*The problem*: Set down the data again exactly. Pictures are not part of the copy.

*Given information*:

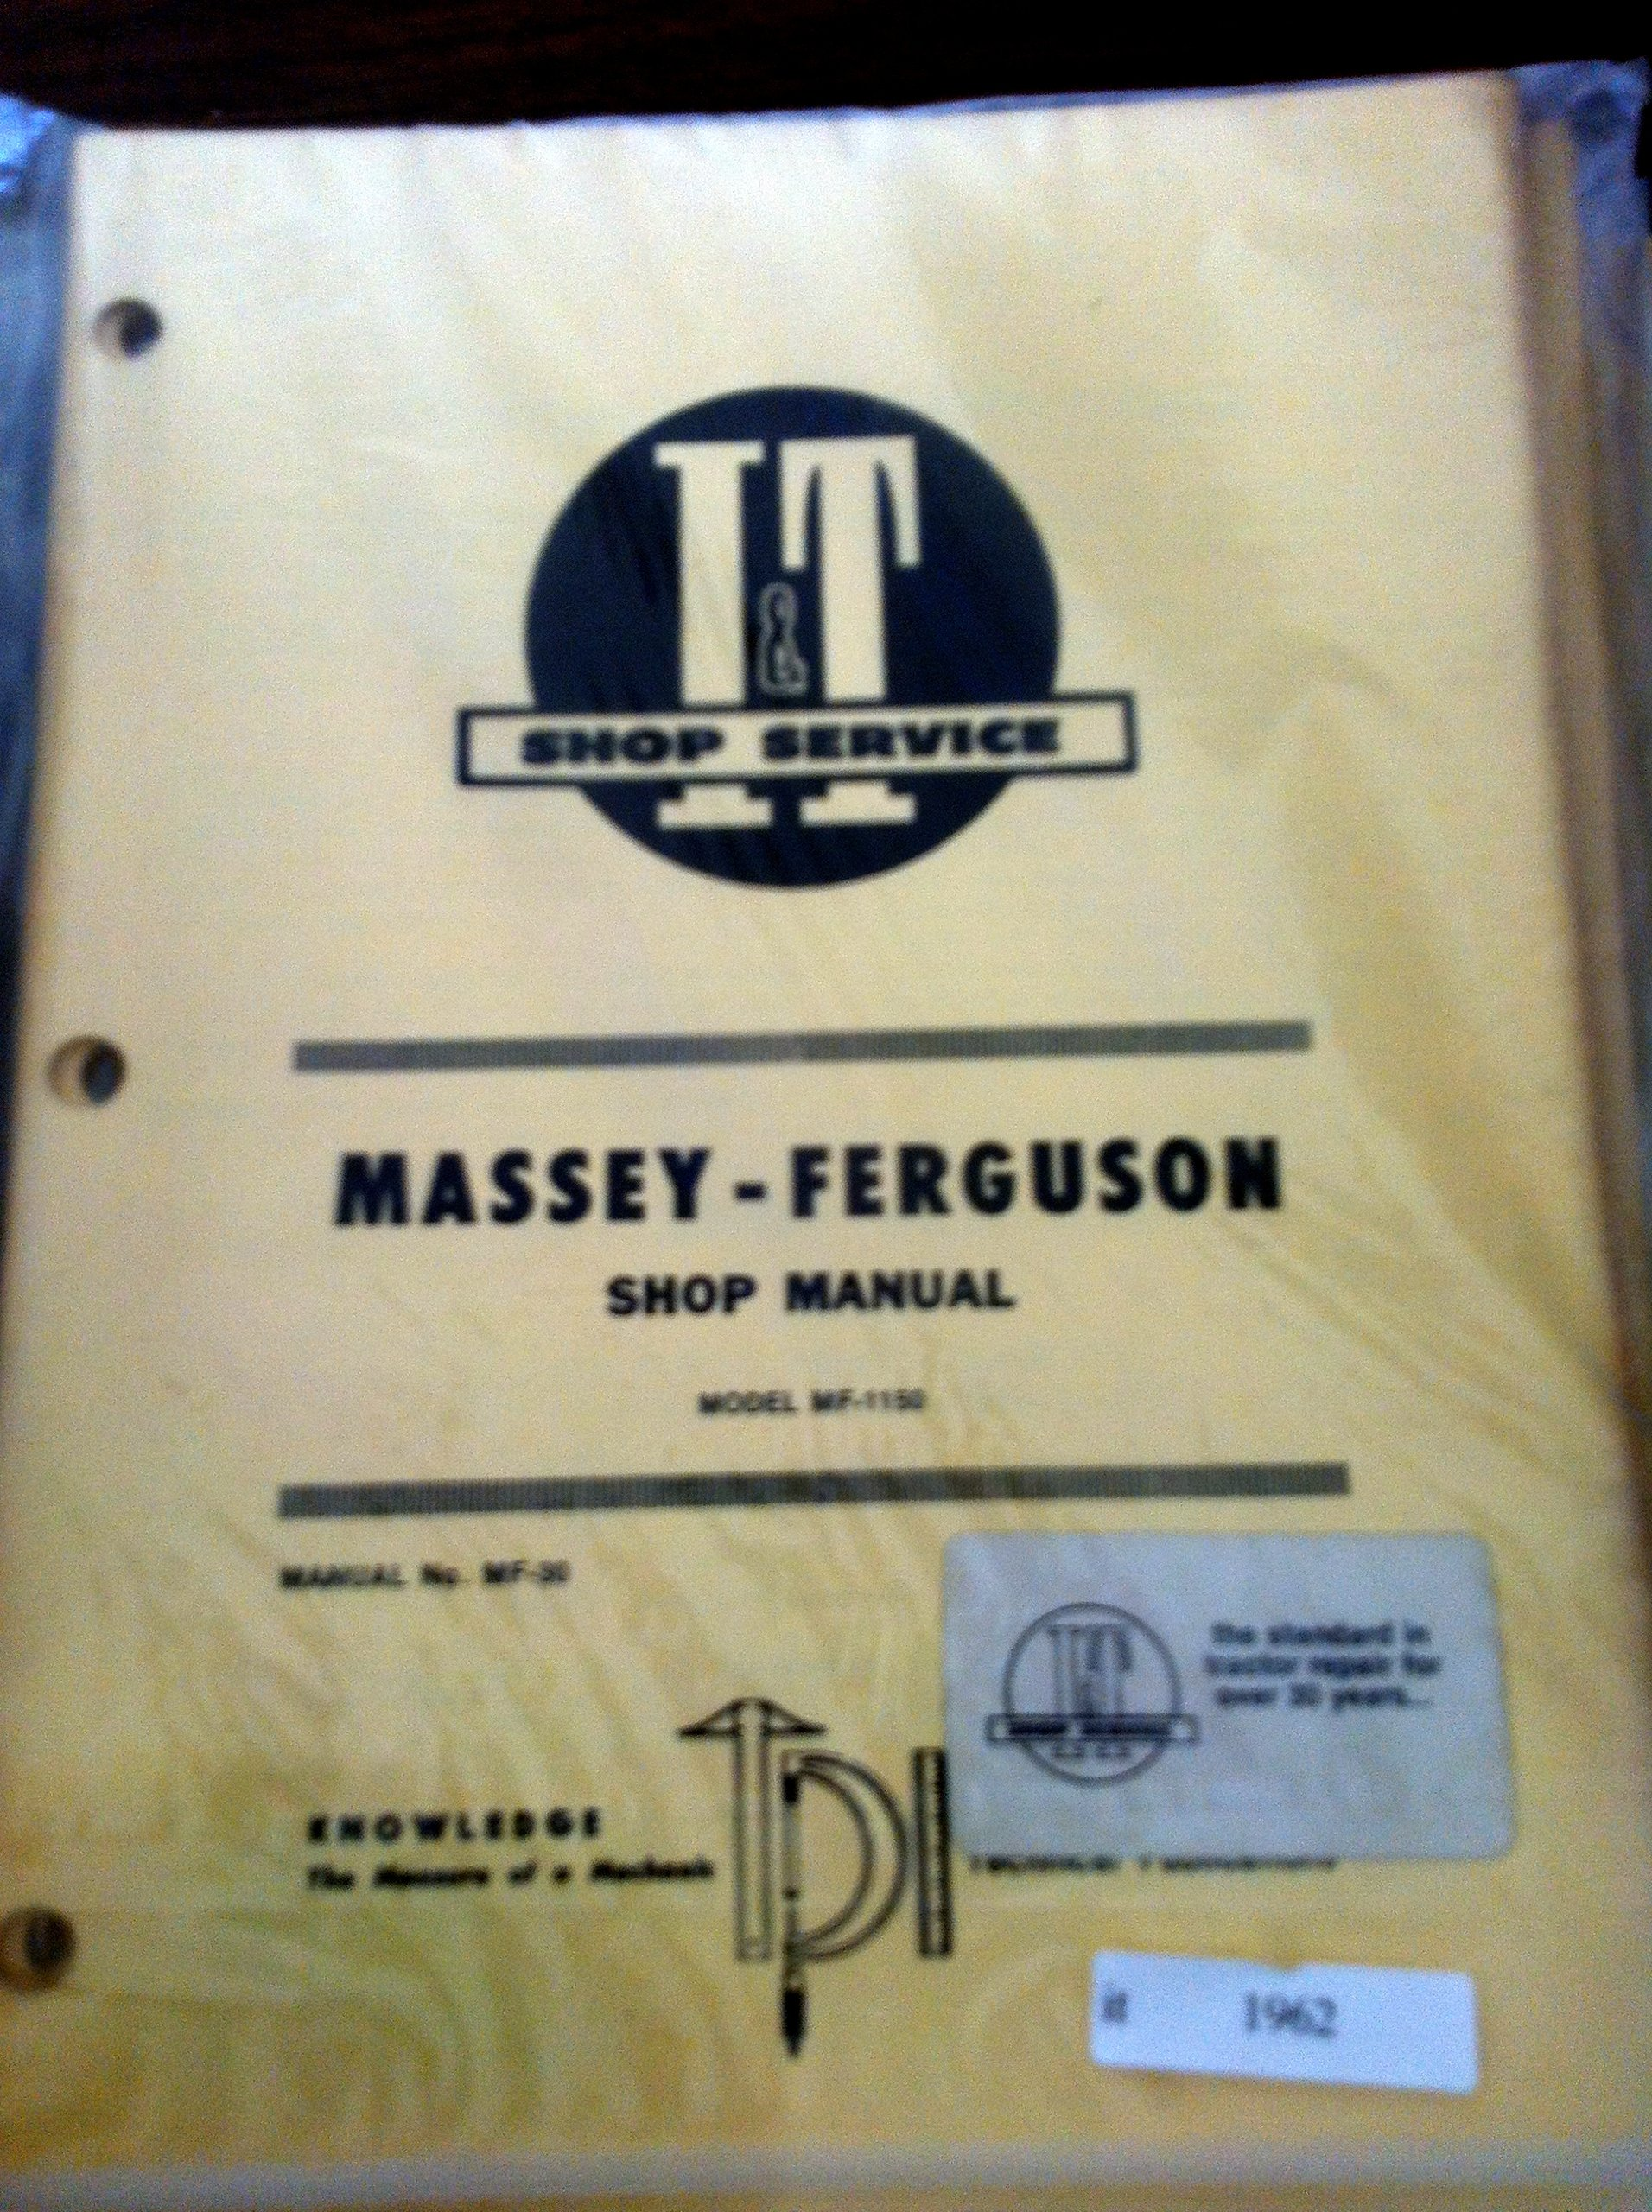 Massey Ferguson I&T Shop Service Manual MF 1150: Amazon.com: Books
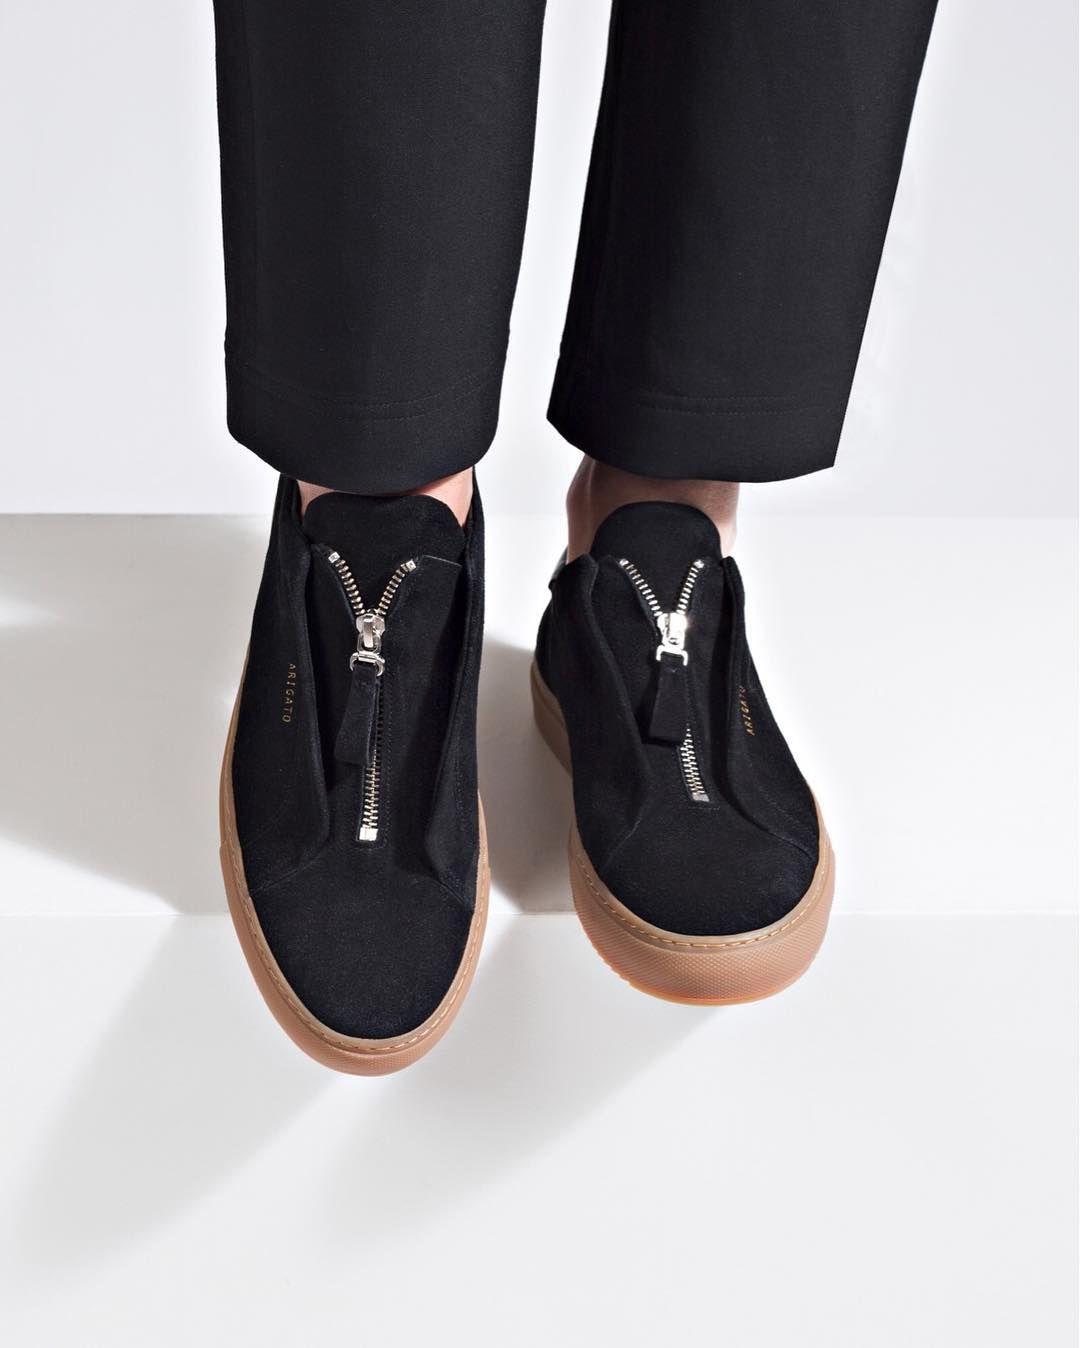 Axel Arigato Clean 90 Zip   www.axelarigato.com    axelarigato  shoes   sneakers  suede  handcrafted d810993abee9
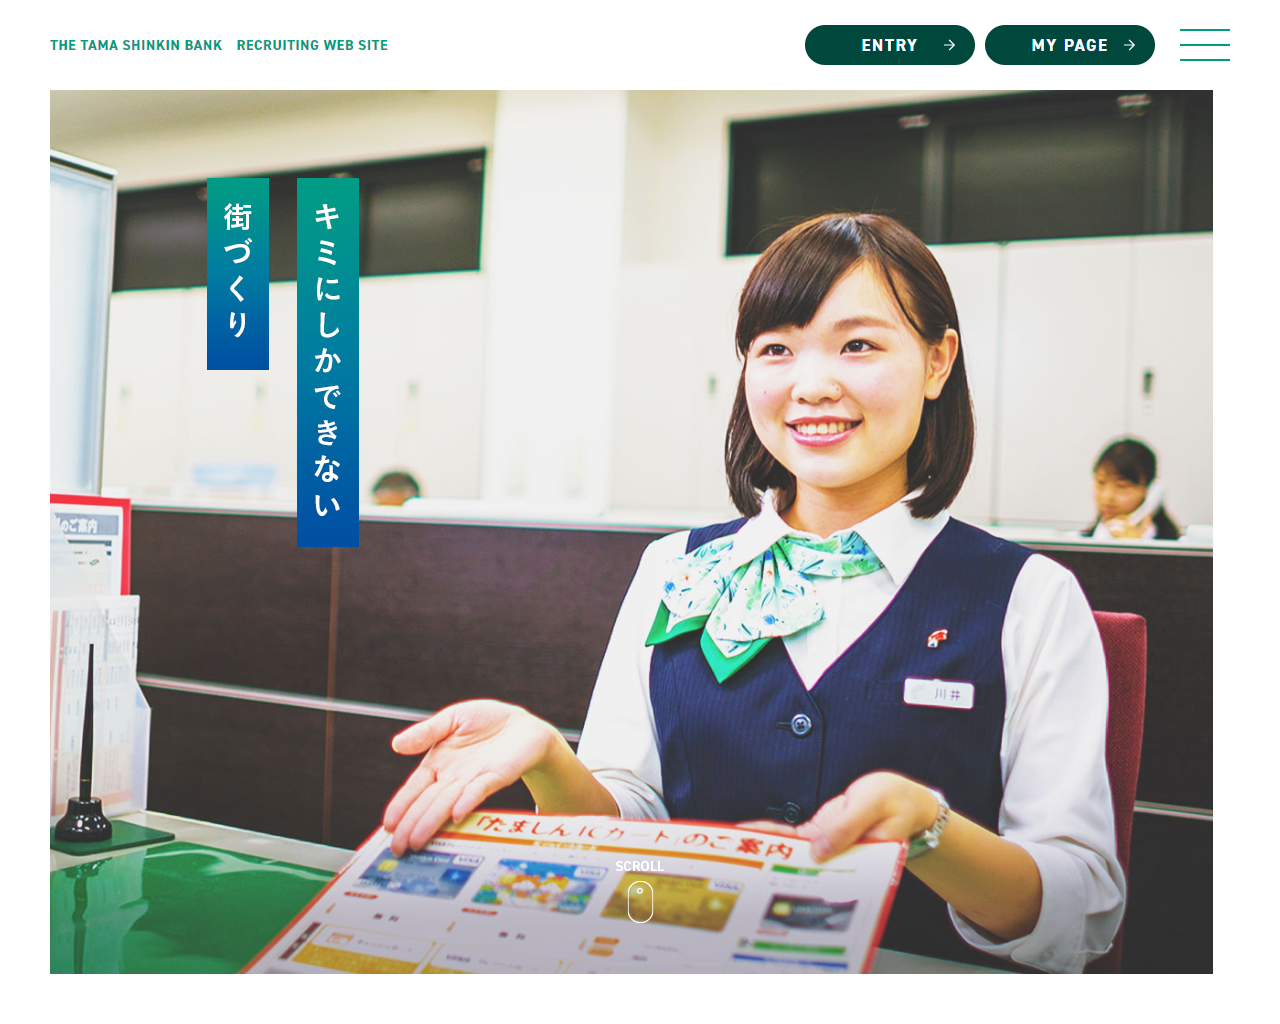 THE TAMA SHINKIN BANK RECRUITING WEB SITE PC画像

*Response to the exercise*:
 Massey Ferguson I&T Shop Service Manual MF 1150: Amazon.com: Books
 Axel Arigato Clean 90 Zip   www.axelarigato.com    axelarigato  shoes   sneakers  suede  handcrafted d810993abee9
 THE TAMA SHINKIN BANK RECRUITING WEB SITE PC画像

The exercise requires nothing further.